§ **EXERCISE BRIEF**: Reproduce, without any change, the span of lines from the opening of the records below to the line containing "som sitter på", inclusive.

Collected data entries:
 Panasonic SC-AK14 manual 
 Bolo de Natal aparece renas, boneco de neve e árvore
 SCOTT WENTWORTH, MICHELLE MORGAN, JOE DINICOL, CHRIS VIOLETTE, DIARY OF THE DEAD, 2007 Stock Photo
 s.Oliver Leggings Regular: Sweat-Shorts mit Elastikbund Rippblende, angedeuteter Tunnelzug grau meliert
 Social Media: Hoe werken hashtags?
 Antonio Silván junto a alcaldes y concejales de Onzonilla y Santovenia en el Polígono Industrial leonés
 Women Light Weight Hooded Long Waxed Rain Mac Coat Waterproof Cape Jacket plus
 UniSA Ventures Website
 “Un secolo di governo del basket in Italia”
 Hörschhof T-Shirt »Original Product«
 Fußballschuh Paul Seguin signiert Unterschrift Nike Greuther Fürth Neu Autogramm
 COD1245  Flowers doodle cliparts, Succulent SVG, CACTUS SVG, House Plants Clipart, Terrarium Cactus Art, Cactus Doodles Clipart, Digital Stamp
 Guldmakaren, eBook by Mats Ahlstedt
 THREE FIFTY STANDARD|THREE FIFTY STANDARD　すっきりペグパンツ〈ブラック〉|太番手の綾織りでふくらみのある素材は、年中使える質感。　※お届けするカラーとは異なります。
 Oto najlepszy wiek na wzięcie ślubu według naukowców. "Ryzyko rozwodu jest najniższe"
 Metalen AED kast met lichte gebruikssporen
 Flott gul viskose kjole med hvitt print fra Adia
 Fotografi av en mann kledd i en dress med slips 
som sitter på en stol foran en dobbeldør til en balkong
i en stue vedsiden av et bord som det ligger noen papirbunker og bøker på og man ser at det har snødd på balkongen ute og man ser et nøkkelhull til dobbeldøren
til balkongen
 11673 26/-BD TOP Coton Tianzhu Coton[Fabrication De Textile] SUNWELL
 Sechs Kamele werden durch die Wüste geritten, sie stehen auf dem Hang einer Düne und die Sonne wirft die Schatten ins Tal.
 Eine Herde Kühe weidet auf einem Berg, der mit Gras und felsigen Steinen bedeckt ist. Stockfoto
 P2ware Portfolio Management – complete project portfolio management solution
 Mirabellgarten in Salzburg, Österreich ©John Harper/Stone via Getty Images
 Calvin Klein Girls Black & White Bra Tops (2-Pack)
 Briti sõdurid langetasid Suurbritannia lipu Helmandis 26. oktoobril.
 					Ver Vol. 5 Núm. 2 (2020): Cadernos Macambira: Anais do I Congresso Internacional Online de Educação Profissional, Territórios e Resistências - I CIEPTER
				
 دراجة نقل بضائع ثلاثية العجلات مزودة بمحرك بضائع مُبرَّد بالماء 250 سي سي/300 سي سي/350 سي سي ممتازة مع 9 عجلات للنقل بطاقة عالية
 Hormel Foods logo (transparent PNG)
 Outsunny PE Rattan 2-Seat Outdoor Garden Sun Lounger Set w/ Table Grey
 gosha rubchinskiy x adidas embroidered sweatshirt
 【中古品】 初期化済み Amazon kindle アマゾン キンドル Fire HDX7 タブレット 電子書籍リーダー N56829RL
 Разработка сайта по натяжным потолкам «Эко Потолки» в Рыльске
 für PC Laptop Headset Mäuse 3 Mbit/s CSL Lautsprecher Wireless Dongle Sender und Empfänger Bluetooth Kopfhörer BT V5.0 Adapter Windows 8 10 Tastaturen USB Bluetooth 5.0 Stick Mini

§ **ANSWER BOX**:
 Panasonic SC-AK14 manual 
 Bolo de Natal aparece renas, boneco de neve e árvore
 SCOTT WENTWORTH, MICHELLE MORGAN, JOE DINICOL, CHRIS VIOLETTE, DIARY OF THE DEAD, 2007 Stock Photo
 s.Oliver Leggings Regular: Sweat-Shorts mit Elastikbund Rippblende, angedeuteter Tunnelzug grau meliert
 Social Media: Hoe werken hashtags?
 Antonio Silván junto a alcaldes y concejales de Onzonilla y Santovenia en el Polígono Industrial leonés
 Women Light Weight Hooded Long Waxed Rain Mac Coat Waterproof Cape Jacket plus
 UniSA Ventures Website
 “Un secolo di governo del basket in Italia”
 Hörschhof T-Shirt »Original Product«
 Fußballschuh Paul Seguin signiert Unterschrift Nike Greuther Fürth Neu Autogramm
 COD1245  Flowers doodle cliparts, Succulent SVG, CACTUS SVG, House Plants Clipart, Terrarium Cactus Art, Cactus Doodles Clipart, Digital Stamp
 Guldmakaren, eBook by Mats Ahlstedt
 THREE FIFTY STANDARD|THREE FIFTY STANDARD　すっきりペグパンツ〈ブラック〉|太番手の綾織りでふくらみのある素材は、年中使える質感。　※お届けするカラーとは異なります。
 Oto najlepszy wiek na wzięcie ślubu według naukowców. "Ryzyko rozwodu jest najniższe"
 Metalen AED kast met lichte gebruikssporen
 Flott gul viskose kjole med hvitt print fra Adia
 Fotografi av en mann kledd i en dress med slips 
som sitter på en stol foran en dobbeldør til en balkong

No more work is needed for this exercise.